--- START ---
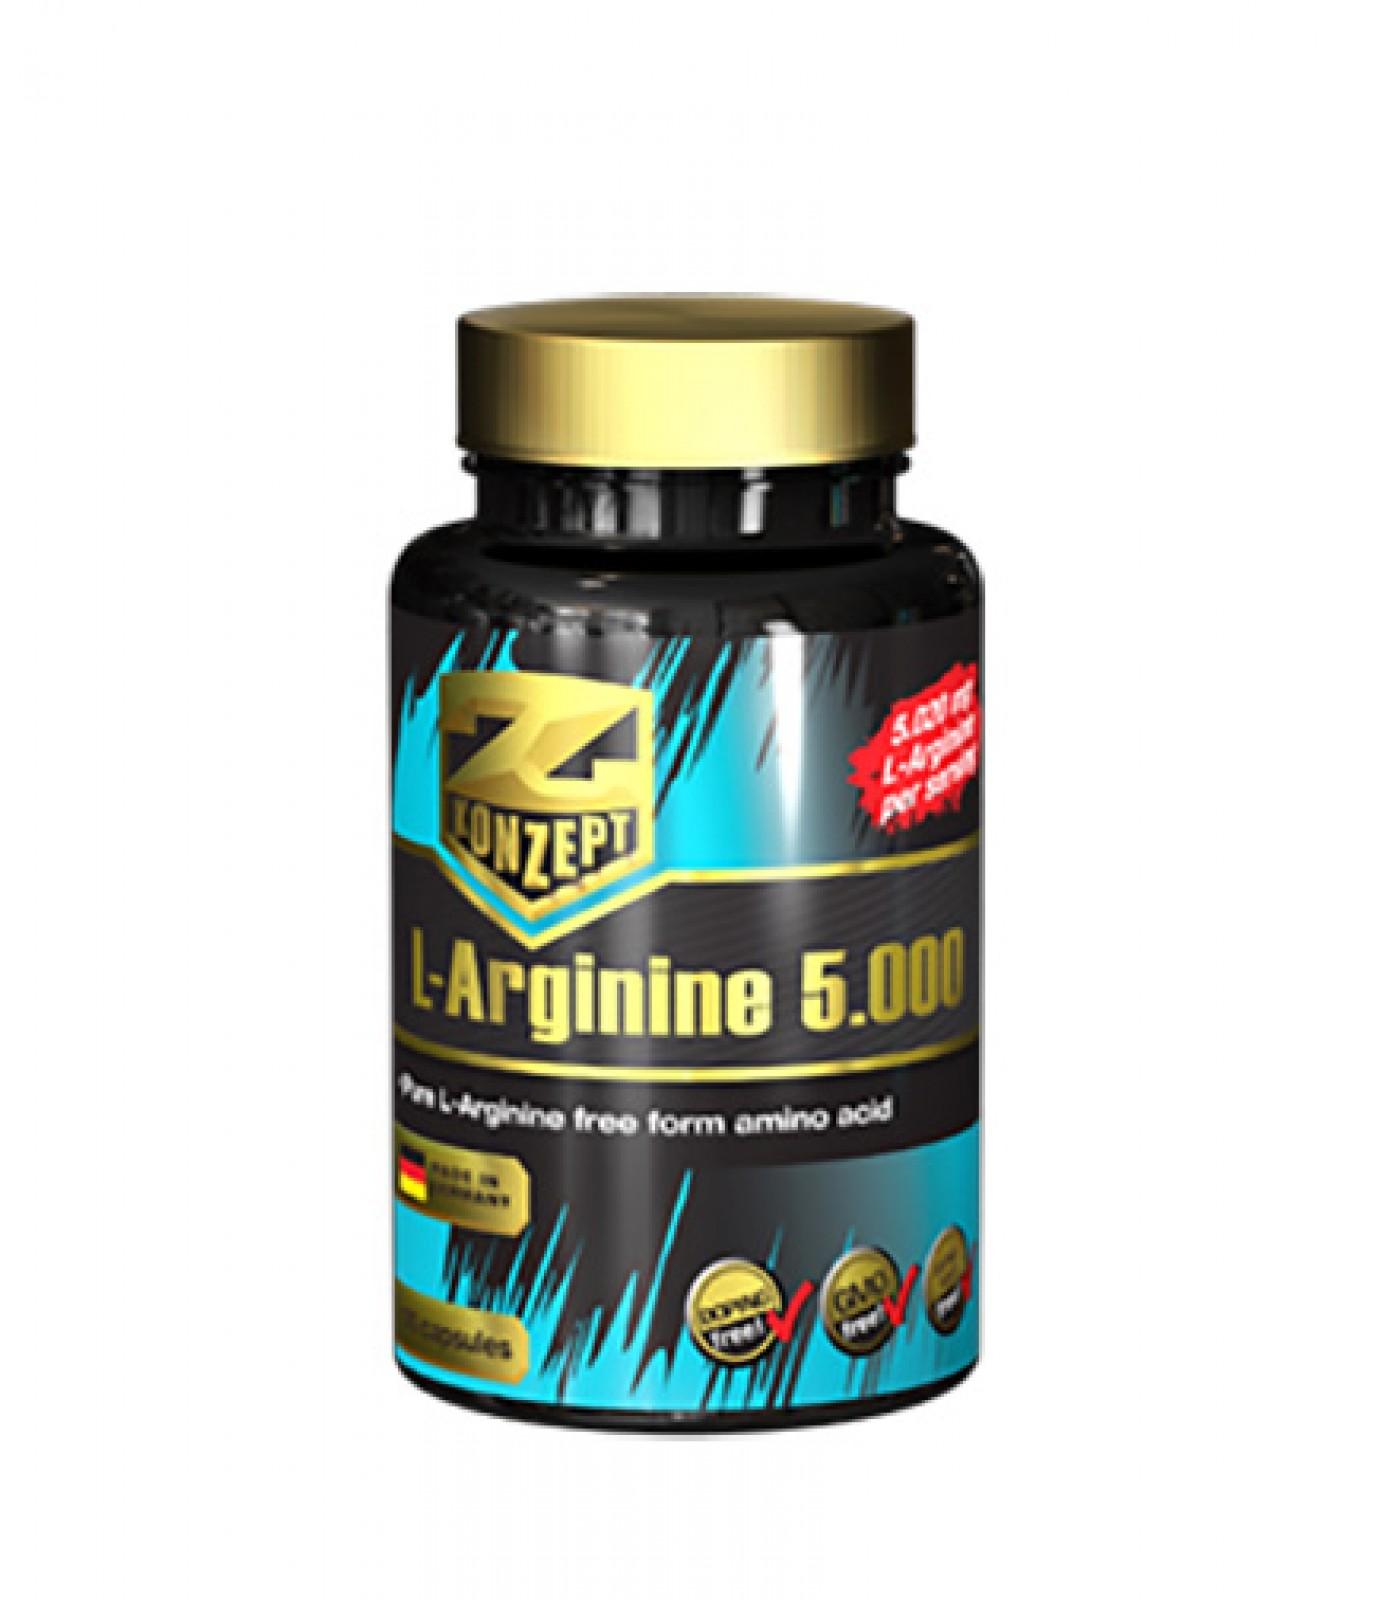 Z Konzept - L-Arginine 5.000 / 100caps.
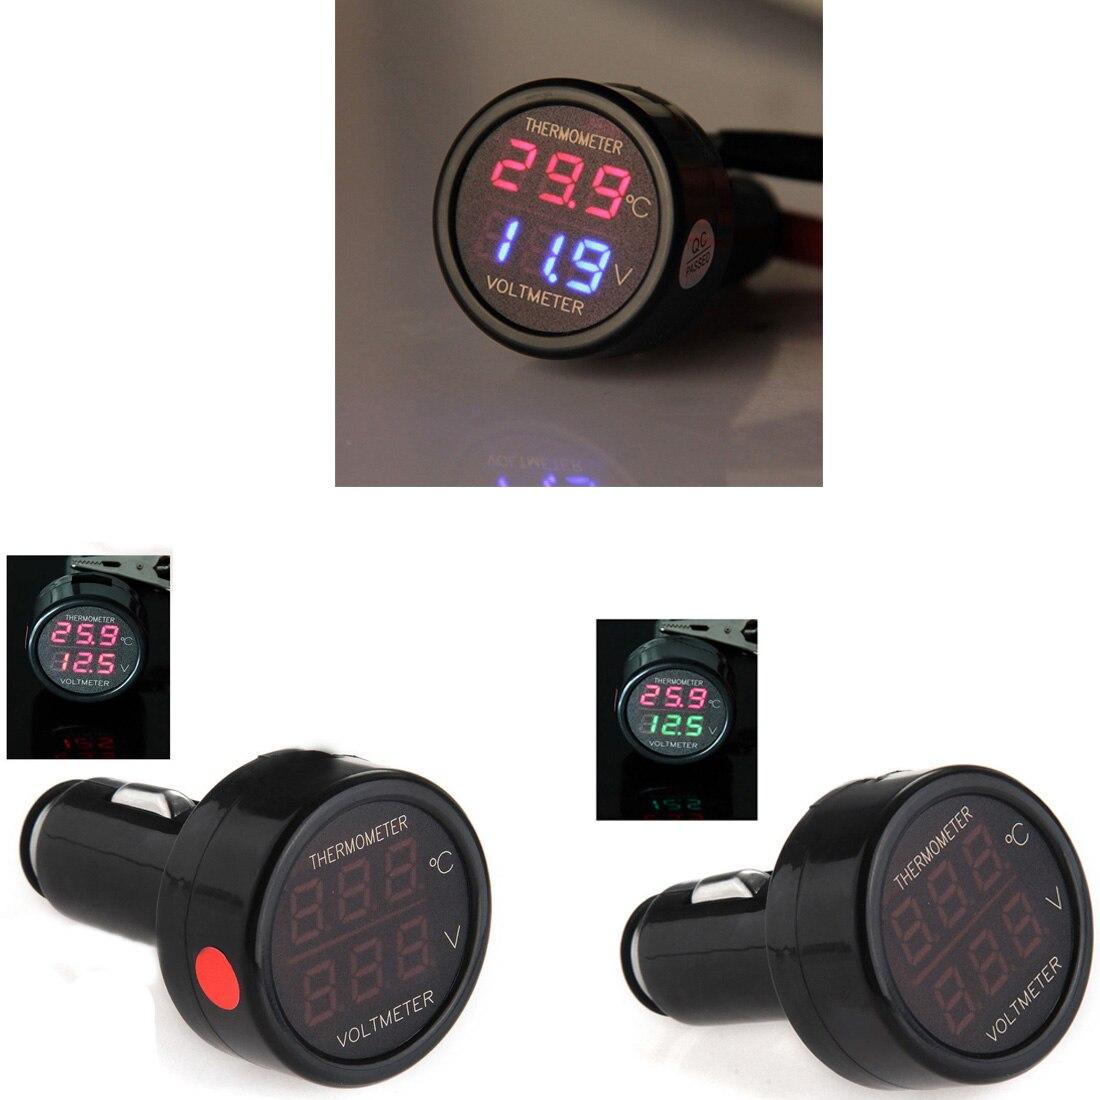 Digital Voltmeter Thermometer 2 In 1 LED Car Cigarette Lighter Applies To 12/24V Universal Car SUV Truck Voltage Meter
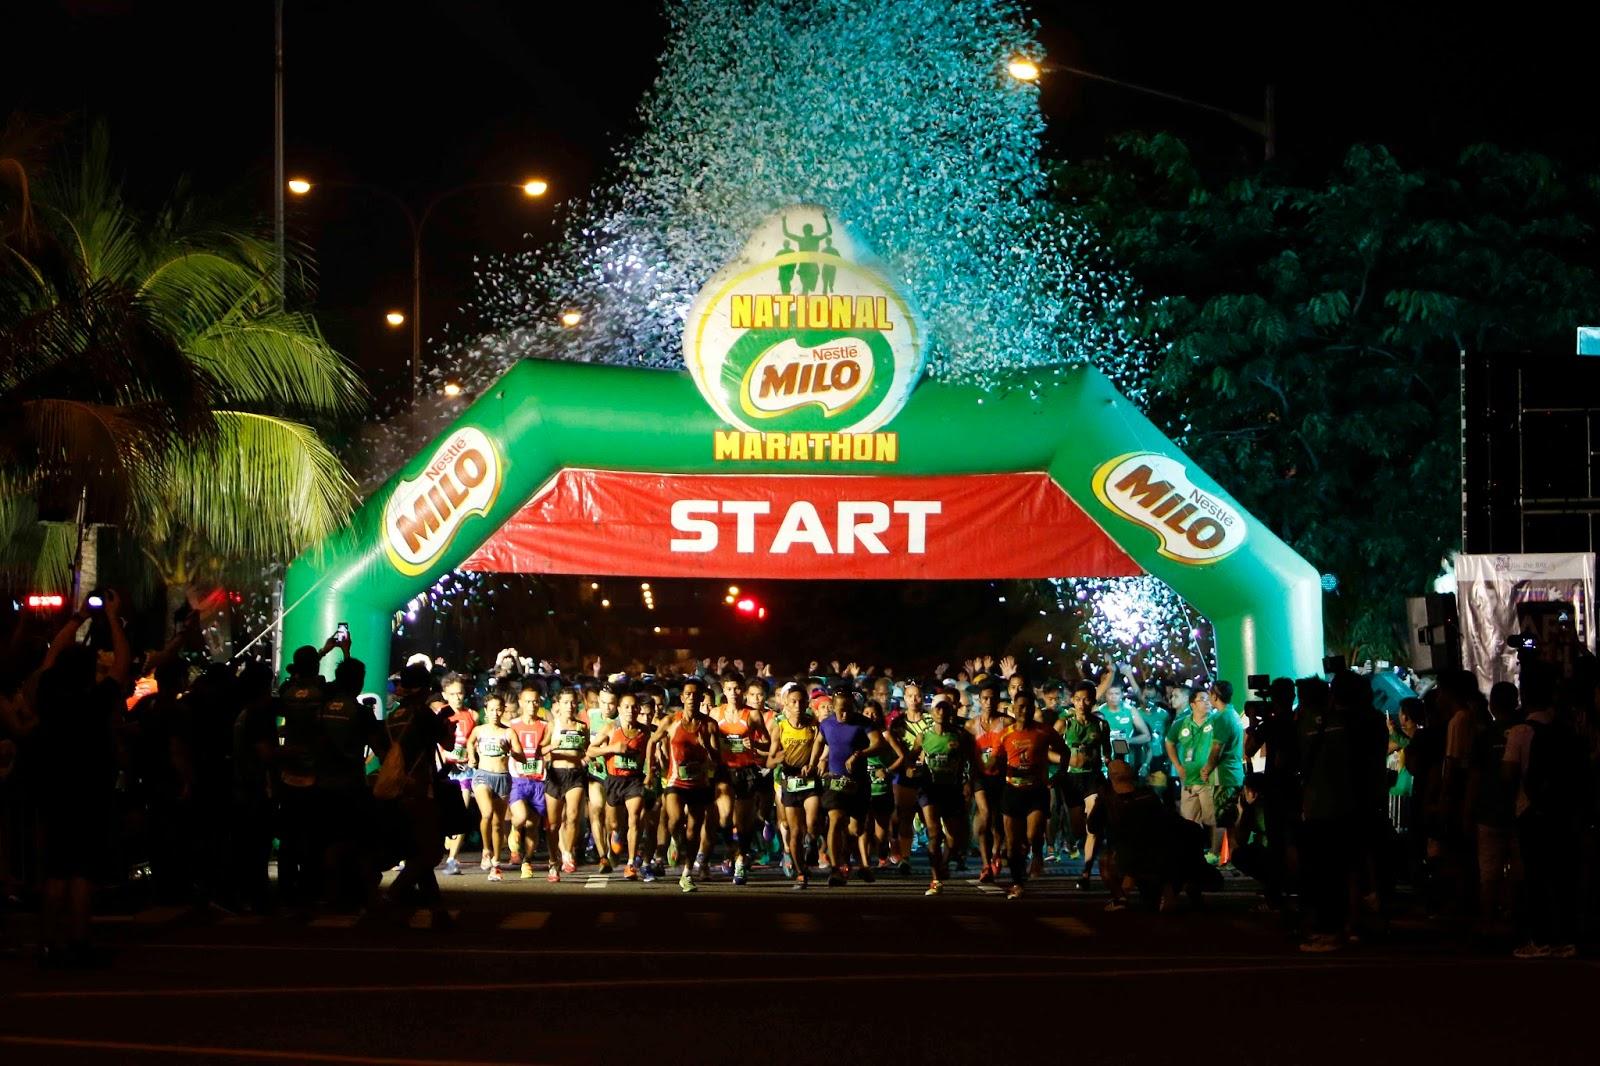 Veterans Claim Victory At The 40th Milo Marathon Metro Manila Leg Bettina Heels Belka Black Hitam 39 With Mary Joy Tablan On Her Way To Olympics Pedestal For Top Spot 42k Became Up Grabs Women Marathoners
--- END ---
Description of the task. Pictures must not appear in the copy, which must otherwise match the listing exactly.

Solution for this task.
 Z Konzept - L-Arginine 5.000 / 100caps.
 Digital Voltmeter Thermometer 2 In 1 LED Car Cigarette Lighter Applies To 12/24V Universal Car SUV Truck Voltage Meter
 Veterans Claim Victory At The 40th Milo Marathon Metro Manila Leg Bettina Heels Belka Black Hitam 39 With Mary Joy Tablan On Her Way To Olympics Pedestal For Top Spot 42k Became Up Grabs Women Marathoners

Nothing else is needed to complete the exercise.